Malhação do Judas: a outra face da espetacularização da morte
A malhação do Judas não tem nada de dogma. Não pertence, oficialmente, a nenhuma religião conhecida. E, embora esteja inserida, pela vontade dos homens, dentro dos rituais macabros da Semana Santa (especialmente, a Paixão e Morte de Cristo), acredito que mesmo aqueles que não gostaram do meu post anterior irão concordar comigo que se trata de um espetáculo macabro de muito mau gosto.
Ela é uma extensão do gosto pelo derramamento de sangue e espetacularização da morte que herdamos dos romanos.

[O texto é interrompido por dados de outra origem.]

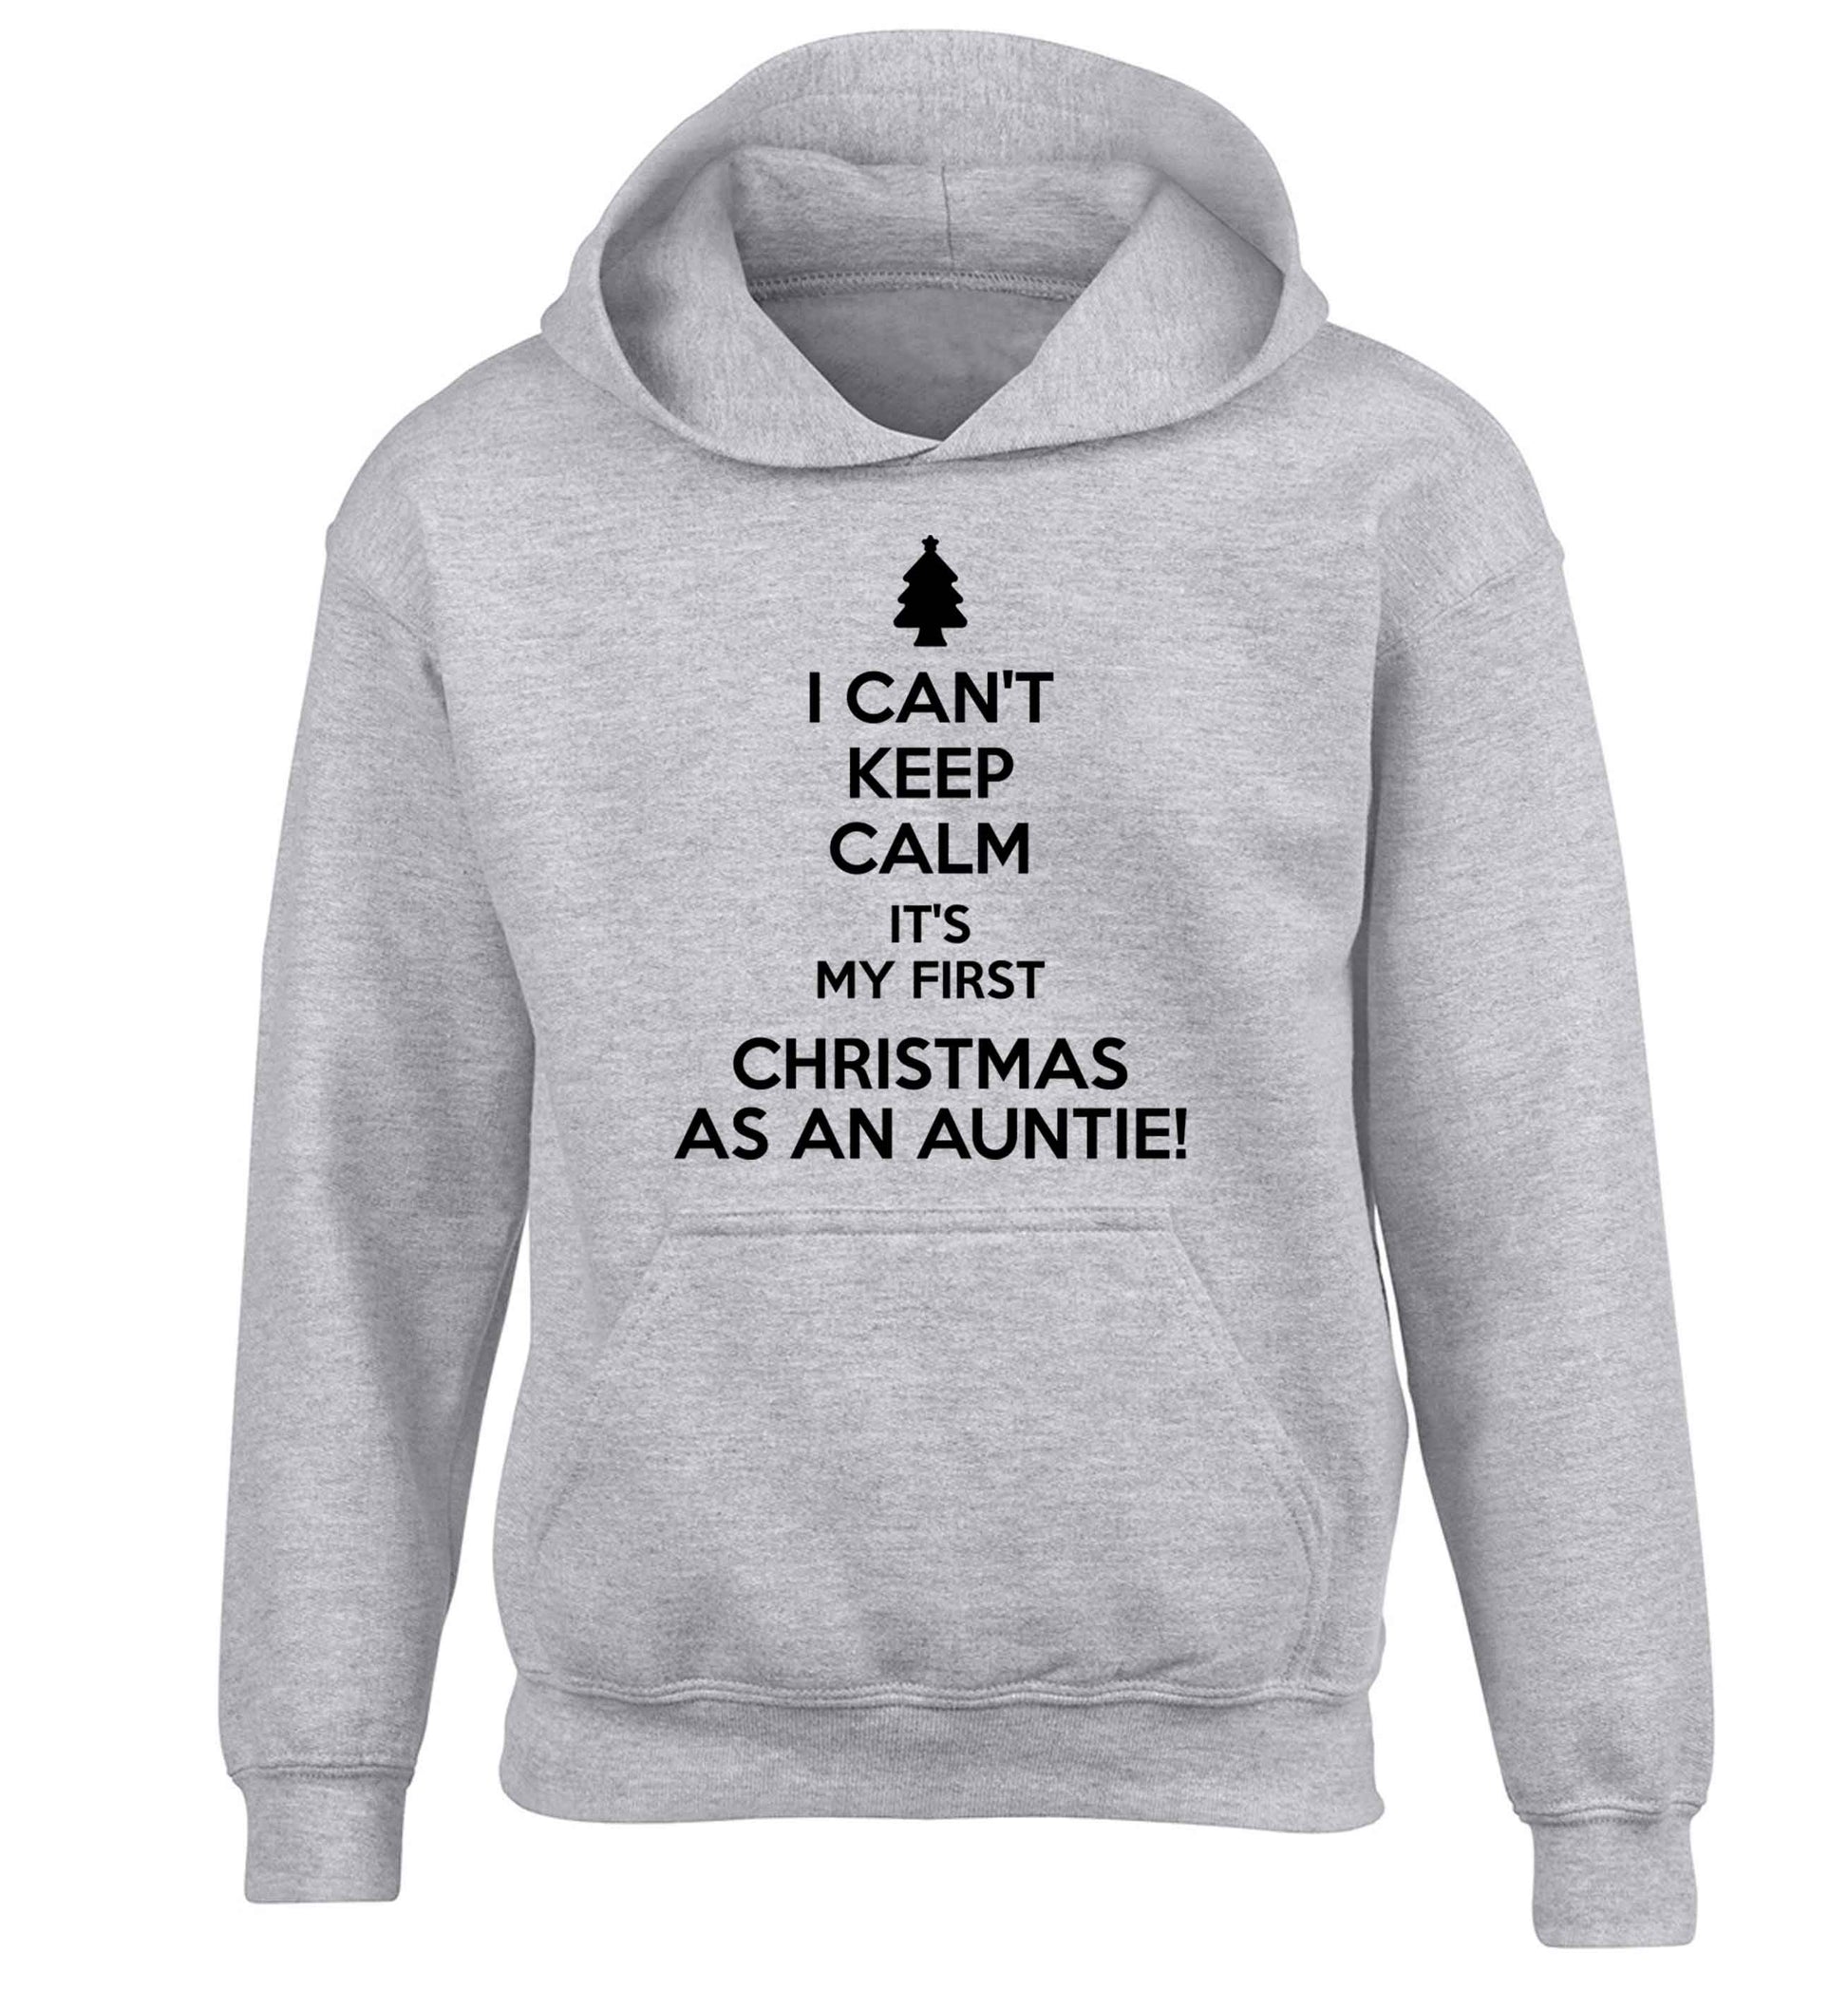 I can't keep calm it's my first Christmas as an auntie! children's grey hoodie 12-13 Years
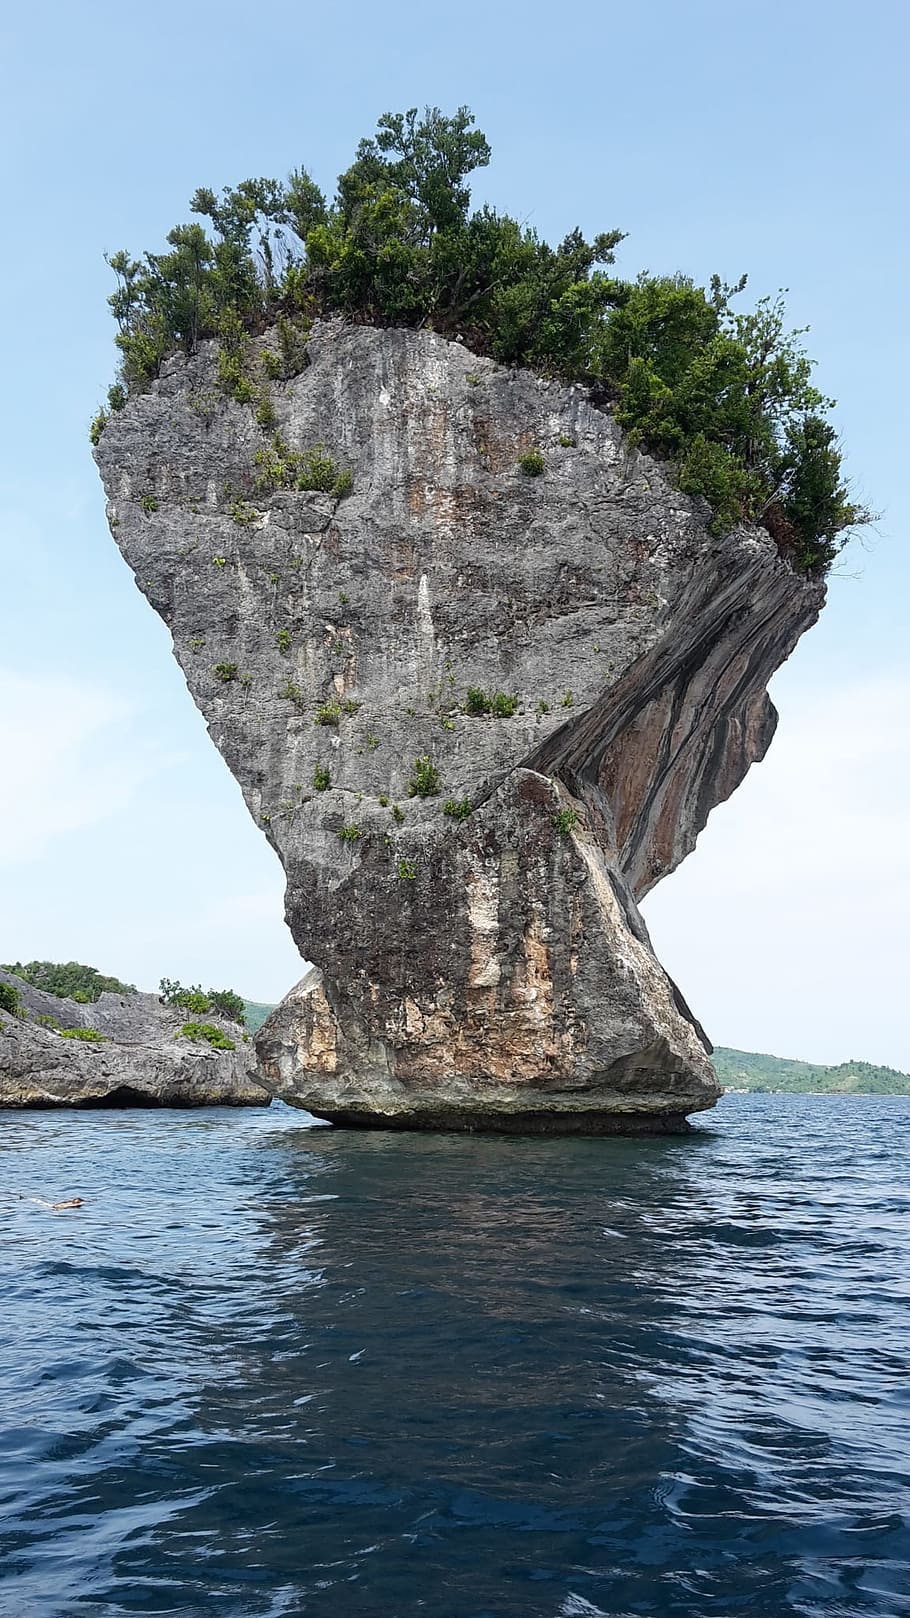 gray, rock formation, middle, body, water, rock, sea, island, coast, philippines

Digo dos romanos e não acrescento nenhuma outra cultura graças à linha temporal que pode, espontaneamente, ser traçada entre nós e eles nesse sentido. Além do mais, somos romanos na forma de interpretarmos o mundo e, até mesmo, recebermos as influências das outras culturas.
A tanatologia crítica - aquela que estuda a morte e o morrer sob a perspectiva cultural - não pode ignorar fenômenos como a malhação do Judas. Homens, mulheres e crianças são convidados (e incitados) a catalisarem sua ira contra um único indivíduo representado em um boneco (ou, como em algumas culturas, contra um animal ou uma pessoa - como é o caso da Filipinas). O objetivo varia de cultura e época. Em algumas, essa malhação representa o ódio que deveria ser cultuado contra os judeus, em outras, contra os ímpios, contra as mulheres etc. Hoje esse ódio se prolifera: contra políticos, personagens públicos, casos recentes de indignação popular, como os Nardoni... o importante é extravasar-se em ódio contra algo ou alguém que, acredita-se ou deseja-se, deveria ser trucidado. Ter uma morte espetacular.
A nossa sociedade sempre escolhe seus judas. Aqueles contra os quais todos podemos manifestar nosso ódio que ninguém os defenderá. Ai desses! Atualmente, por exemplo, é bastante comum ouvimos críticas contra os ateus (que no meu entender não é uma opção ou convicção, mas a privação de um dom - ou se quiser, alguns dos seus efemismos: meme, gene etc) ou contra os pedófilos (que se trata de um transtorno de personalidade da preferência sexual, portanto uma doença mental, e não um crime) e os tratarmos como seres imorais, indignos de nossa convivência. Judas que merecem ser mortos com os mais sofisticados requintes de crueldade.
O que a malhação do Judas nos ensina em termos de aprendizado com a morte? Que ela deve ser espetacular? Qual a diferença da malhação do Judas e outro linchamento qualquer? O que ganhamos quando inserimos nossas crianças nesses rituais? O que tem a audiência dos programas televisivos que lucram em cima das mortes violentas e essa comemoração? O que queremos quando escolhemos pessoas, sejam por suas orientações sexuais, raça, cor da pele, formação genética ou saúde física ou mental para servirem de bode expiatório para a catarse do nosso ódio? O que ganhamos quando associamos isso a eventos religiosos?
Até onde vai o desejo dos homens de fazerem da sua vontade a vontade de todos, até mesmo a dos deuses?